Thursday, December 09, 2010

San Francisco Fog

Picking his way through a fog so thick it is difficult to make out the shop lights, a lone tourist steps into an antique shop in the maze of San Francisco's Chinatown. Looking through objects strewn carelessly about the cluttered shop, he discovers a detailed, life-sized bronze sculpture of a rat. The sculpture is so interesting and unique that he feels compelled to pick it up and as he holds it, finds it difficult to put it back down. Though not much of a collector, he reluctantly asks the shop owner what it costs.

"Twelve dollars for the rat, sir," says the shop owner, "and a thousand dollars more for the story behind it."

"You can keep the story, old man," he replies, relieved at the bargain price, "but I'll take the rat," and happily leaves the store with the bronze rat under his arm.

As he crosses the street in front of the store, the tourist sees two gray rats scamper from a sewer drain and fall into step behind him. Clutching his bronze trophy tightly, he walks faster, but every time he passes another sewer drain, more rats pop out and follow him.

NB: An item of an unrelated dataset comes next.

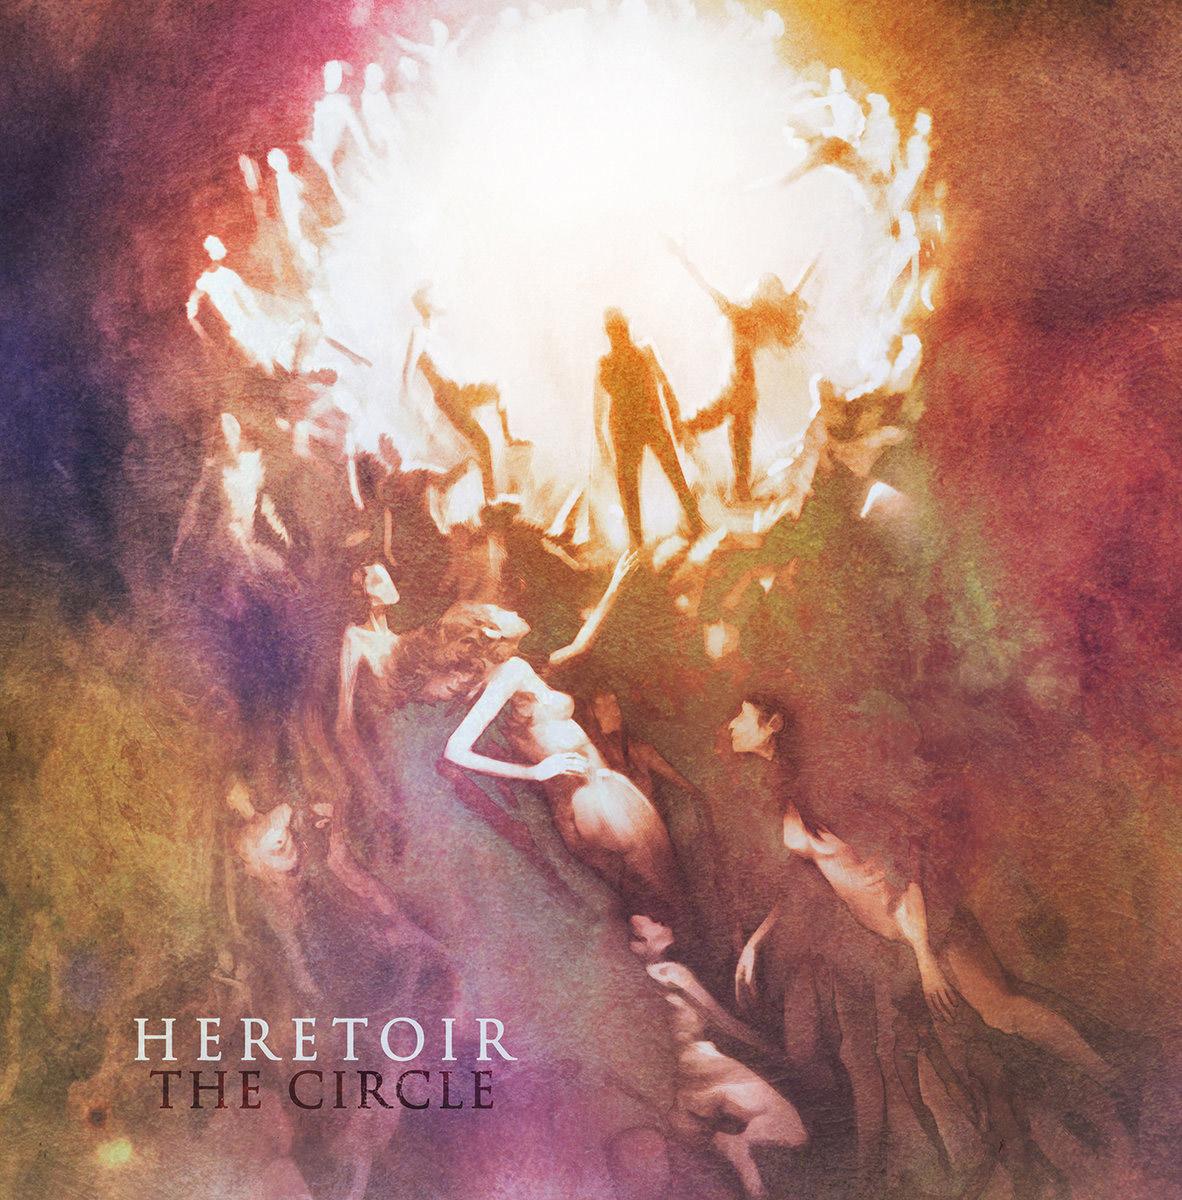 Heretoir - THE CIRCLE

By the time he's walked two blocks, at least a hundred rats are at his heels. The fog is quickly lifting and people begin to point and shout. He walks even faster, and then breaks into a trot as multitudes of rats swarm toward him from sewers, basements, vacant lots, and abandoned cars.

As in a nightmare, rats by the thousands are squealing fiercely at his heels. Nearing the waterfront at the bottom of the hill, he panics and starts to run. No matter how fast he runs, the rats keep up, squealing hideously now, not just thousands but millions; a tide of rats pouring from every part of the city and closing in behind and around him.

Running onto a pier, and trapped at the edge, the tourist makes a mighty leap up onto a light post but, grabbing hold, drops the bronze rat. It lands with a bounce on the pier and tumbles into the Bay.

Pulling his legs up and clinging desperately to the light post, he watches in amazement as the screeching tide of rats surge over the end of the pier and follow the bronze rat into the bay. They thrash about wildly, but vainly, and all swiftly, agonizingly, sink into the dark, frigid water and drown.

Shaken and humbled, the tourist somehow makes his way through the returning fog back to the antique shop.

"Ah, so you've come back for the rest of the story," says the owner.

"No," says the tourist, "I was wondering if you had a bronze Republican.